Characterization of an industrial biocatalyst: Immobilized glutaryl‐7‐ACA acylase

A batch of the immobilized industrial biocatalyst glutaryl‐7‐ACA acylase (GA), one of the two enzymes involved in the biotransformation of cephalosporin C (CefC) into 7‐aminocephalosporanic acid (7‐ACA), was characterized. K m value for glutaryl‐7‐ACA was 5 mM. Enzyme activity was found to be optimal at pH between 7 and 9.5 and to increase with temperature and in buffered solutions. To avoid product degradation, optimal reaction conditions were obtained working at 25°C using a 50‐mM phosphate buffer, pH 8.0. Immobilized GA showed good stability at pH value below 9 and at temperature up to 30°C. The inactivation of immobilized GA in the presence of different amounts of H 2 O 2 , a side product that might be present in the plant‐scale industrial solutions of glutaryl‐7‐ACA, was also investigated, but the deactivation rates were negligible at H 2 O 2 concentration that might be reached under operative conditions.
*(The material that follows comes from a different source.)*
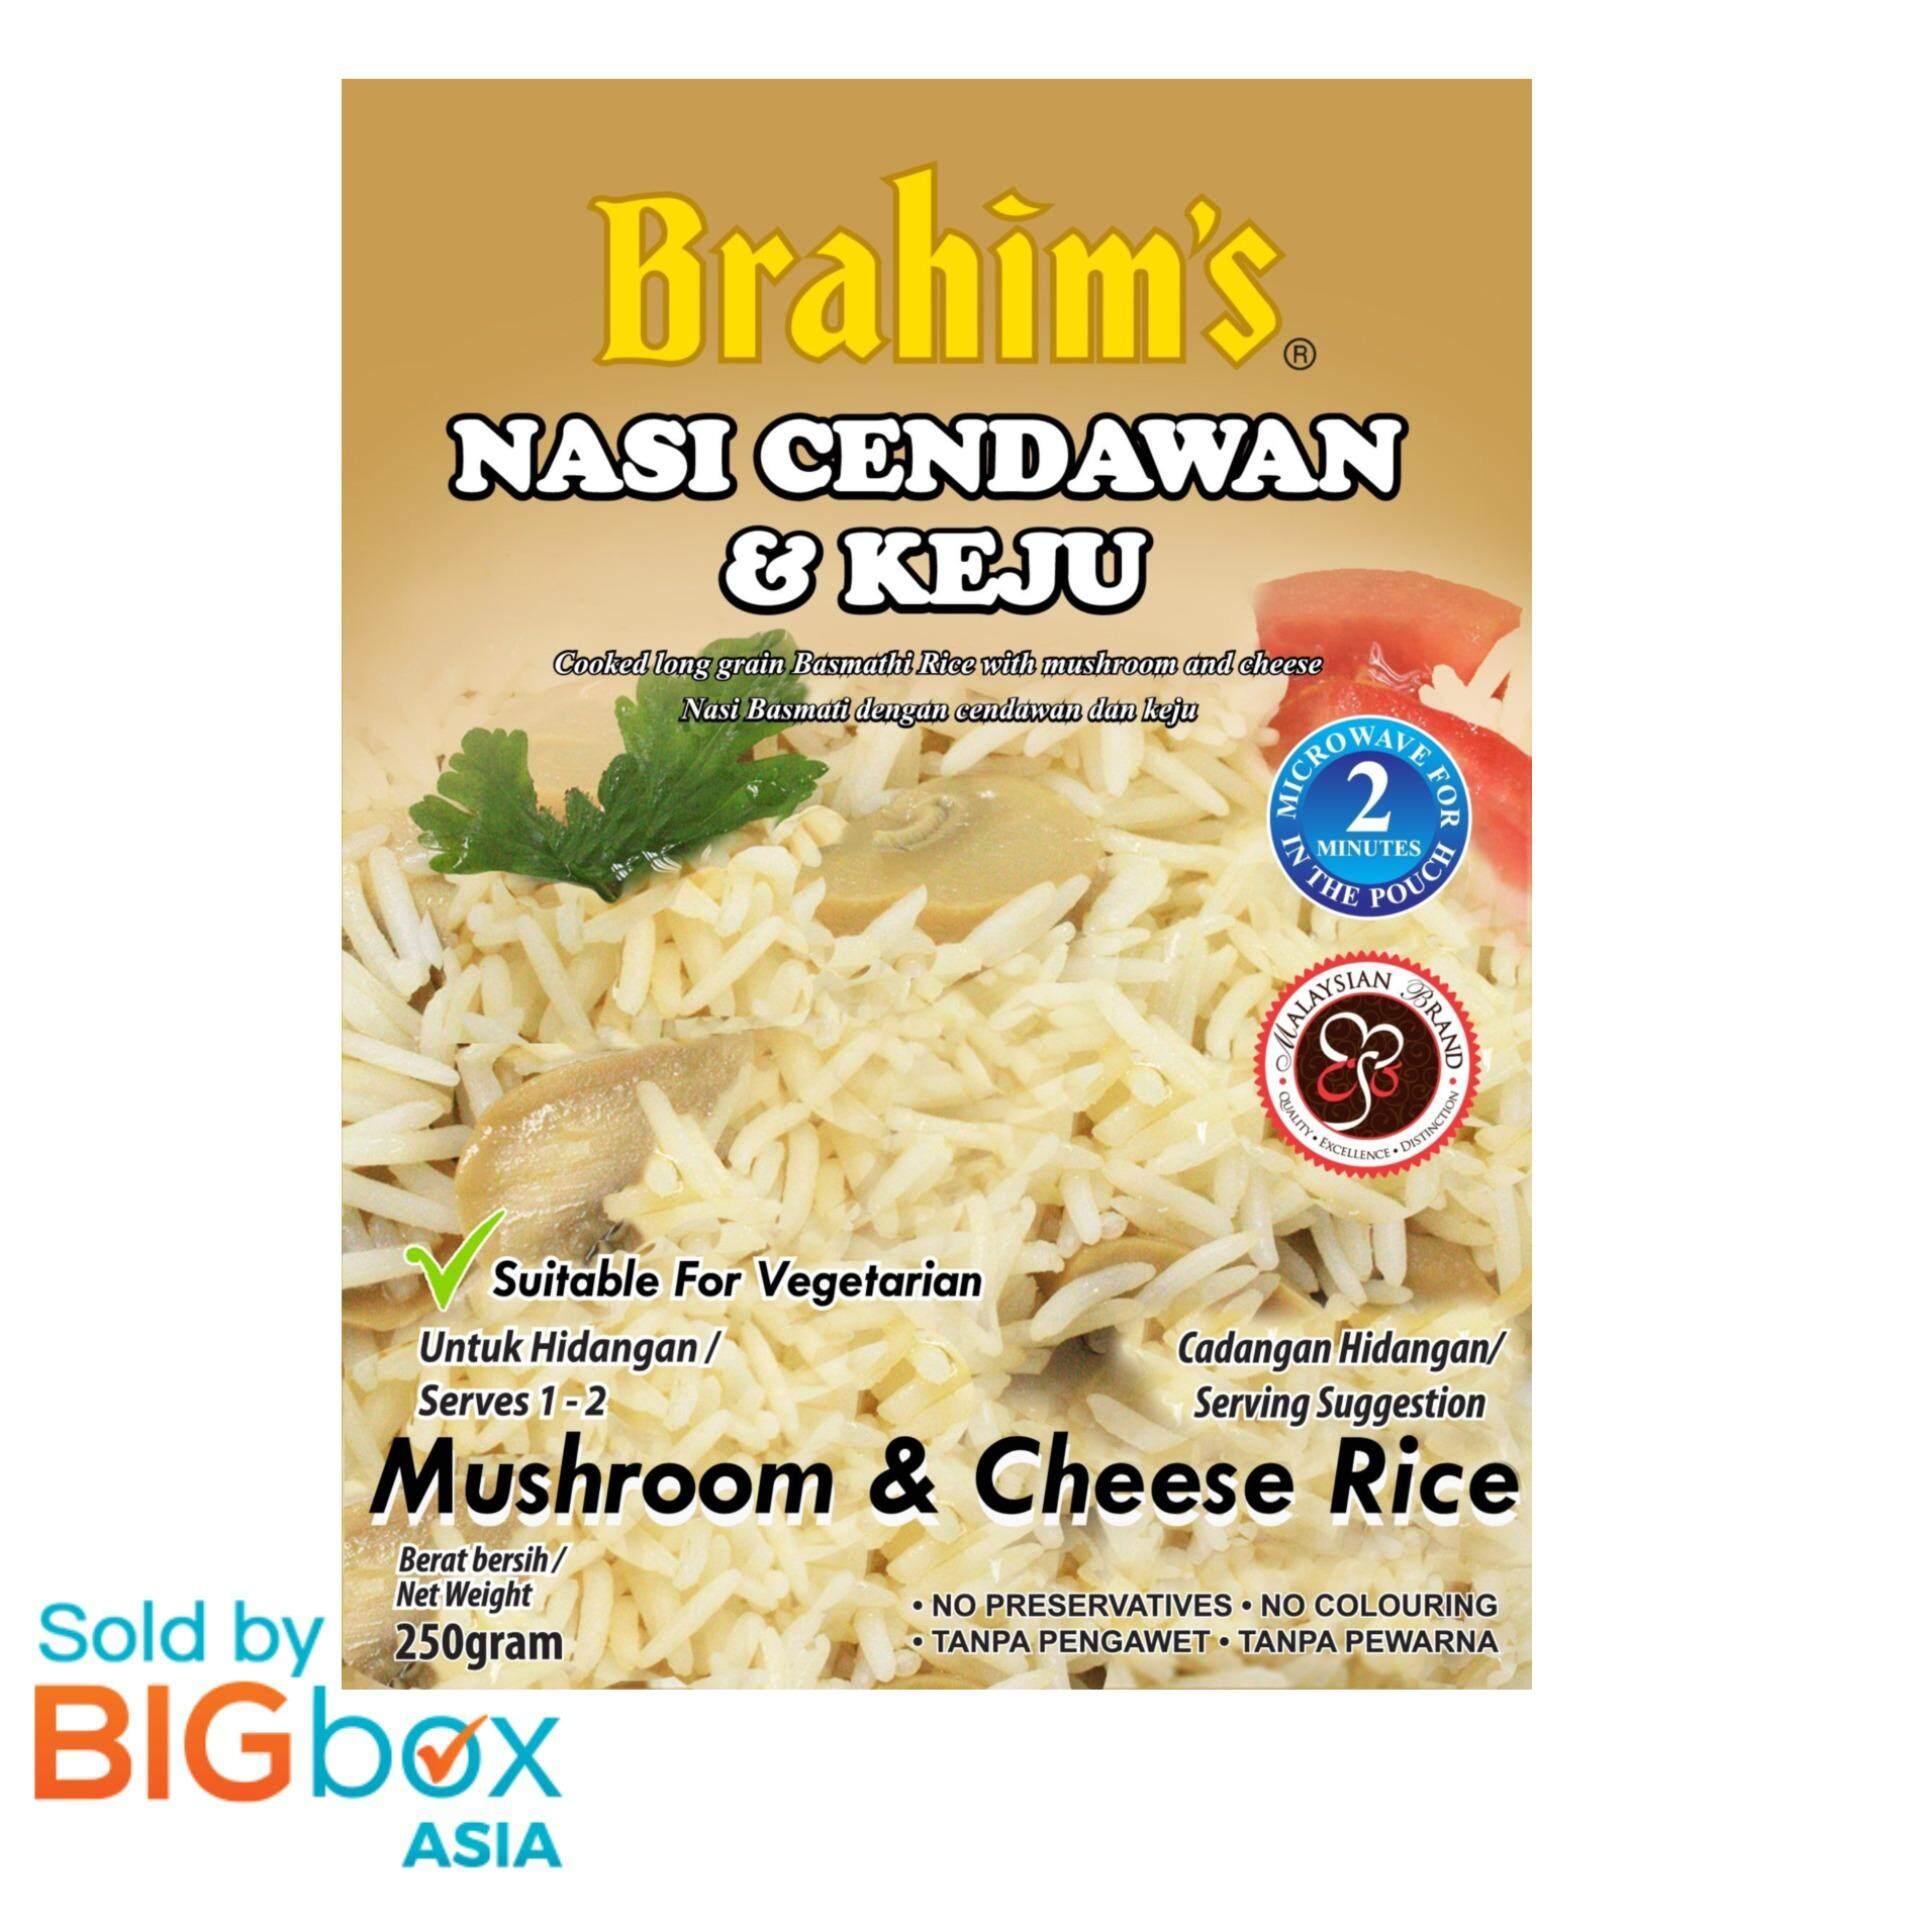 [BIGBox Asia] Brahims Ready To Eat Cheese & Mushroom Rice 250g - Malaysia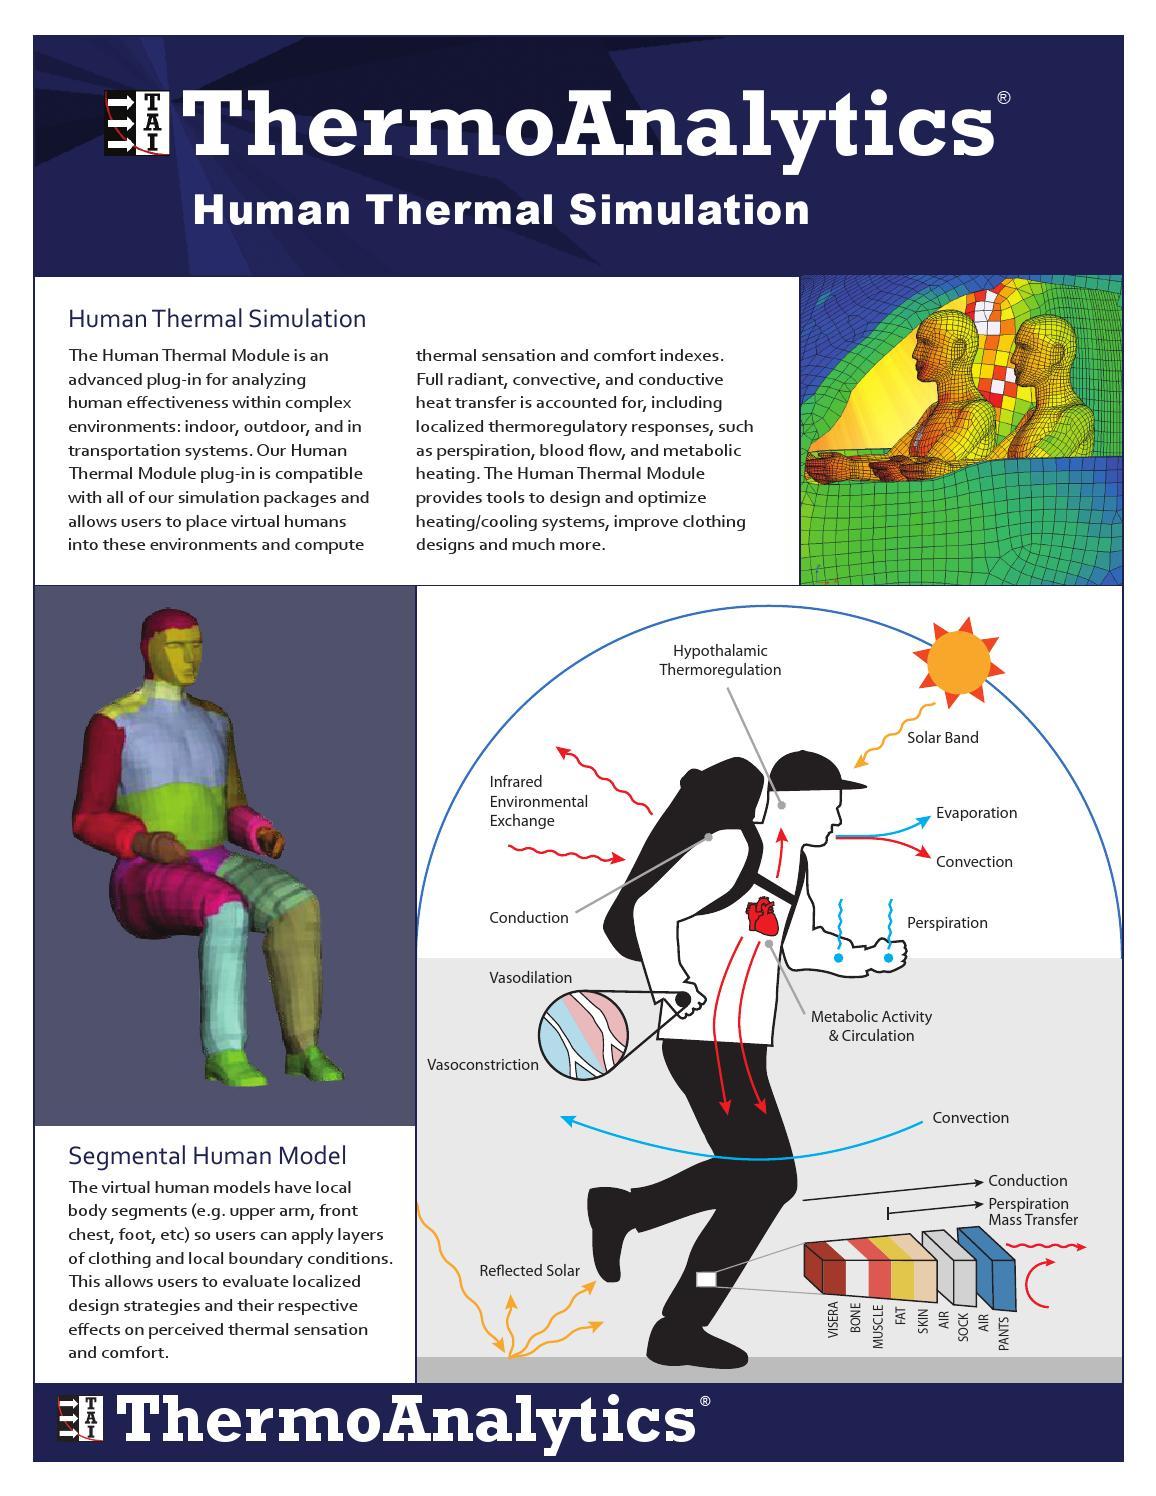 Human Thermal Simulation by ThermoAnalytics - issuu

Finally, biocatalyst performance in the complete two‐step enzymatic conversion process from CefC to 7‐ACA was determined on a laboratory scale. Following the complete conversion of a 75 mM solution of CefC into glutaryl‐7‐ACA catalyzed by an immobilized D‐amino acid oxidase (DAAO), immobilized GA was used for the transformation of this intermediate into the final product 7‐ACA. This reaction was repeated for 42 cycles. An estimation of the residual activity of the biocatalyst showed that 50% inactivation of immobilized GA was reached after approximately 300 cycles, corresponding to an enzyme consumption of 0.4 kU per kg of isolated 7‐ACA. © 2000 John Wiley & Sons, Inc. Biotechnol Bioeng 70: 239–244, 2000.